Source: Deep Learning on Medium
Deep learning has found great success in a lot of areas ranging from natural language processing, computer vision, speech recognition, to a lot of applications with structured data(eg. ads, web/application search, computer security, logistics such as figuring out where to send drivers to pick up and drop off things and more). Sometimes a researcher with a lot of experience in NLP might try to do something in computer vision or other area or vice-versa. But intuitions from one domain or from one application area often do not transfer to other application areas and the best choices may depend on the amount of data, number of input features, whether training is on GPUs or CPUs.
When training a neural network we have to make a lot of decisions as shown in the picture below.
When we are starting on a new application, it’s almost impossible to correctly guess the right values for all of these, and for other hyperparameters. So in practice applied machine learning is a highly iterative process, in which we often start with an idea, code it up, run an experiment, get back a result that tells us how well this particular network, or this particular configuration works. And based on the outcome, then refine the ideas and change the choices to try to find a better and a better neural network.
Setting up our data sets well in terms of train, development and test setscan make us much more efficient at the iterative process. The goal of the dev set is that we are going to test different algorithms on it and see which algorithm works better. And the goal of the test set is, given our final classifier, to give a pretty confident estimate of how well it’s doing.
Several year ago a split of 70/30% for train/dev set or 60/20/20 for train/dev/test set was considered best practice in machine learning. But in the modern big data era, where, we might have a million examples, then the trend is that dev and test set is much smaller percentage of the total. So a 98% train, 1% dev, 1% test is a pretty common divide.

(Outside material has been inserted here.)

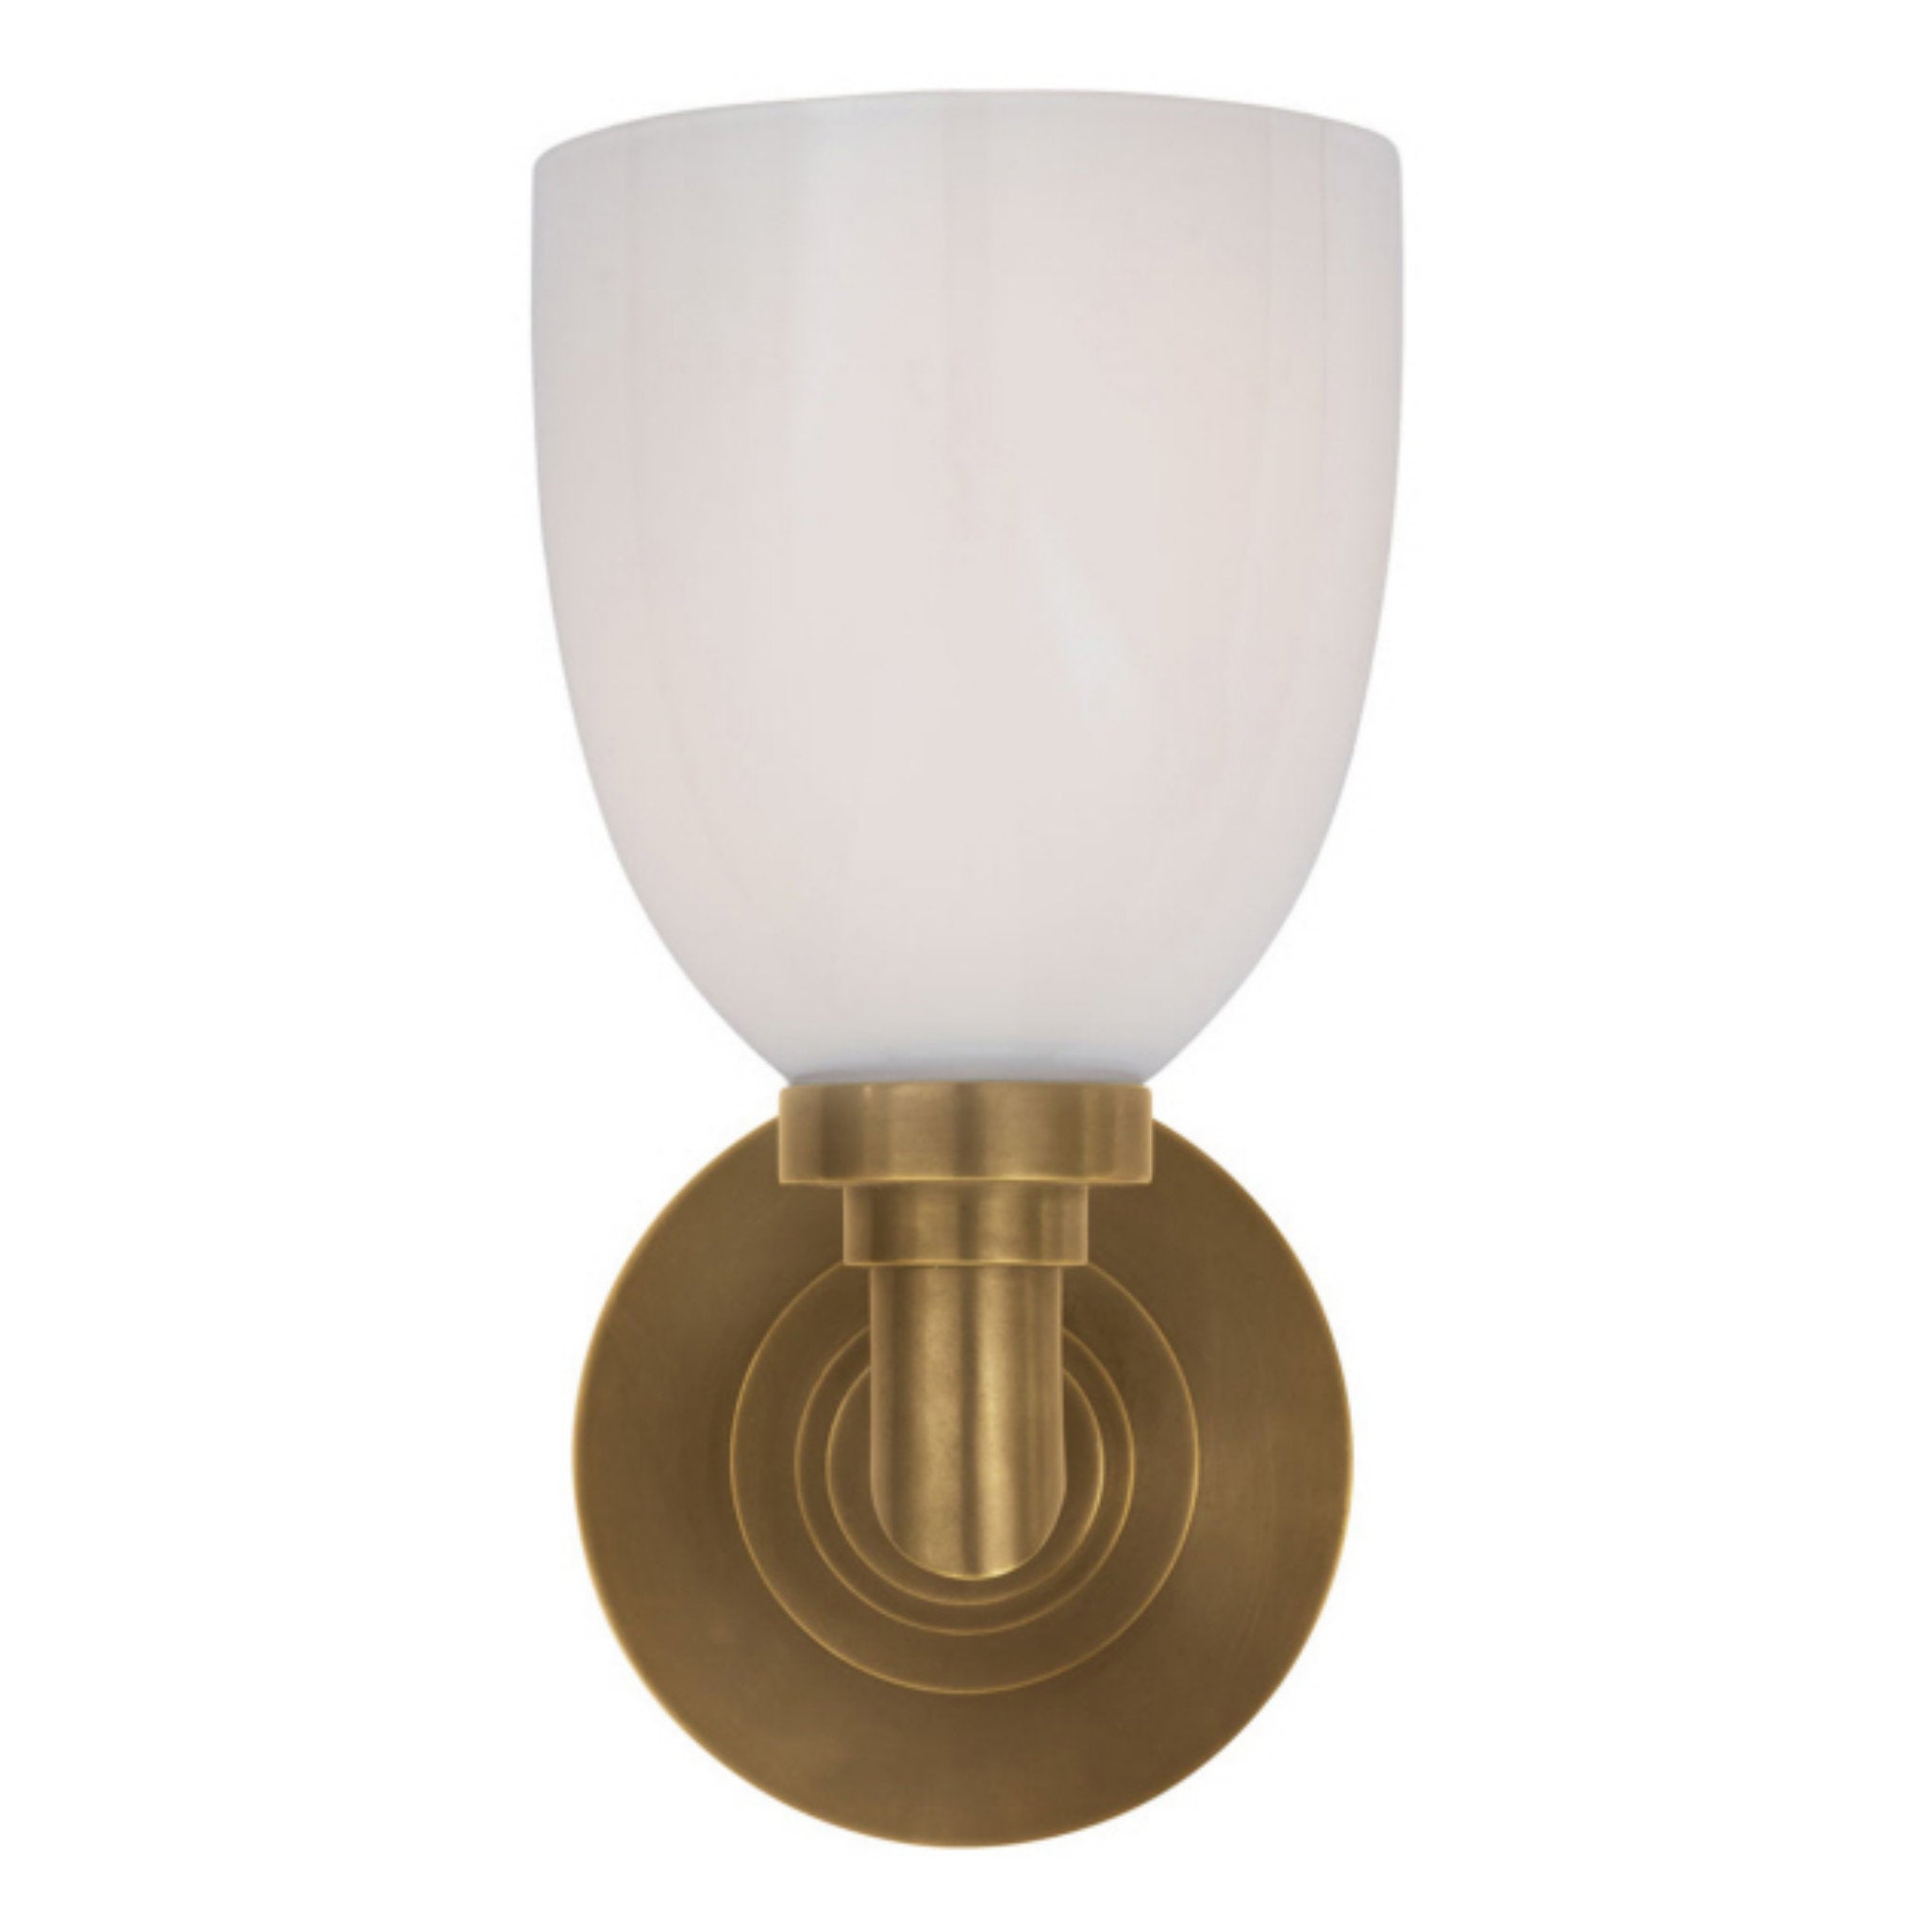 Chapman & Myers Wilton Single Bath Light in Hand-Rubbed Antique Brass with White Glass

One other trend we’re seeing in the era of modern deep learning is that more and more people train on mismatched train and test distributions.
Let’s say we’re building an app that lets users upload a lot of pictures and goal is to find pictures of cats. In this case our training set comes from cat pictures downloaded off the Internet, but dev and test sets might comprise cat pictures from users using our app. The rule of thumb to follow in this case is to make sure that the dev and test sets come from the same distribution. Finally, it might be okay to not have a test set.
Bias and Variance
By looking at the algorithm’s error on the training set(which we call bias) and on the dev set(which we call variance) we can try different things to improve the algorithm
High Bias ?
- Bigger network ie more hidden layers or more hidden units.
- Train it longer.
- Try some more advanced optimization algorithms/better NN architecture
High Variance(aka overfitting) ?
- Add more data
- Search for a better NN architecture
In the modern deep learning/big data era, we can keep training a bigger network to reduce the bias without affecting the variance and we can keep adding more data to reduce the variance without affecting the bias. And if we have both, we can drive both bias and variance down. We have to make sure we regularize it appropriately.